道路を通じて語られる地史・文化史 地域に関心を持つすべての人に
[レビュアー] 養老孟司(解剖学者)
道路そのものを主人公に立てる話は珍しい。むろん東海道とか中山道という日本の古くからの幹線道路ならありそうなことだが、16号線といっても、関東以外の人にはピンとこないはずである。16号線全体を見渡す地図を見ればすぐにわかることで、この道路は関東の主要部をほぼ網羅して通り抜けている。
地史的にいうと、この領域はいわゆるフォッサ・マグナに相当し、日本列島の中ではいわば「新しい」地域である。それでも本書に記されるように、多数の縄文・弥生時代の遺跡が見つかっており、古くから人が住んだことは間違いない。近代になって東京が極端に大きくなり目立つために、関東という地域は全体として考察されることがあまりない。特に書かれた歴史ではおそらく関東全体に関する記述は、きわめて少ないと思われる。
私は生まれも育ちも鎌倉で、その鎌倉になにがあるかと思うと、よく言えば質実剛健、質素倹約、要するに貧乏というしかない。それは北条時頼の母、松下禅尼以来の鎌倉武士の伝統かもしれない。大仏ならもっと古いものが奈良にあるし、多くの寺社は鎌倉時代以降のものである。古都なので発掘調査が義務付けられているから、ときに住宅の改築などでの発掘調査のようすを見ることがあるが、出てくるものはゲタや馬の骨で、金目のものは出ないという印象が強い。
わが家の近くには英勝寺という寺があって、太田道灌邸旧蹟という碑が建っている。道灌が活躍したのは享徳の乱といわれる戦国時代の初期だが、その影響が西に及んで応仁の乱になったという。江戸城を築いた道灌が活躍した範囲はまさに16号線でくくることができよう。享徳の乱については近年歴史の教科書に入れられるようになったとも読んだばかりで、日本史の記述は、従来までは西に偏っていた、と言うしかない。

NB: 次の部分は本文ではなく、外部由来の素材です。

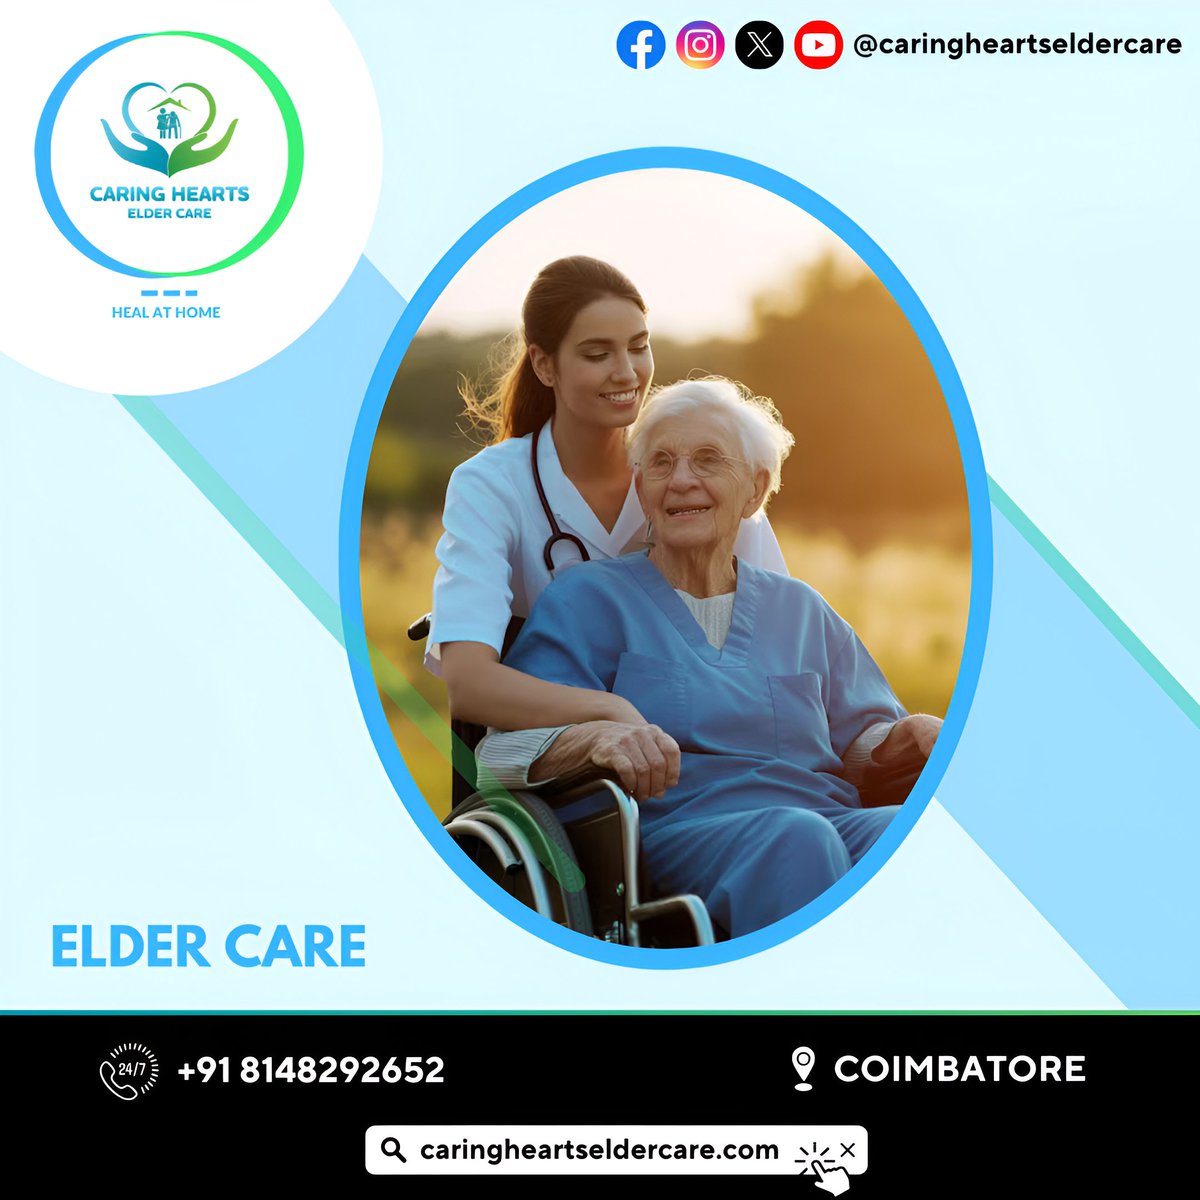 Why Choose @caringheartsEC 

#caringheartseldercare #homecare #eldercare #Chennai #Coimbatore #Thursday #Hyderabad #Mumbai #Kerala #bangalore #uk #usa #tweet #careathome #best #homecareagency #rspuram #Hospital #Assistedliving #services #wecare #love #Agency #India #news #care

著者は16号線をたどるという独特の視点から、東京や江戸の陰に隠れがちだった関東という地域の歴史や特徴をとらえようとしている。地形そのものから日本史を読み取ろうとするのは、竹村公太郎の得意分野であるが、本書は関東に関して地史から音楽、つまり文化史までを視野に入れた、広範な総説になっている点がたいへん興味深い。
コロナ禍によって、地方移住が進んでいるといわれる現在、こうした見方もあるという意味で、地域と日本に関心を持つすべての人に読んでもらいたい本である。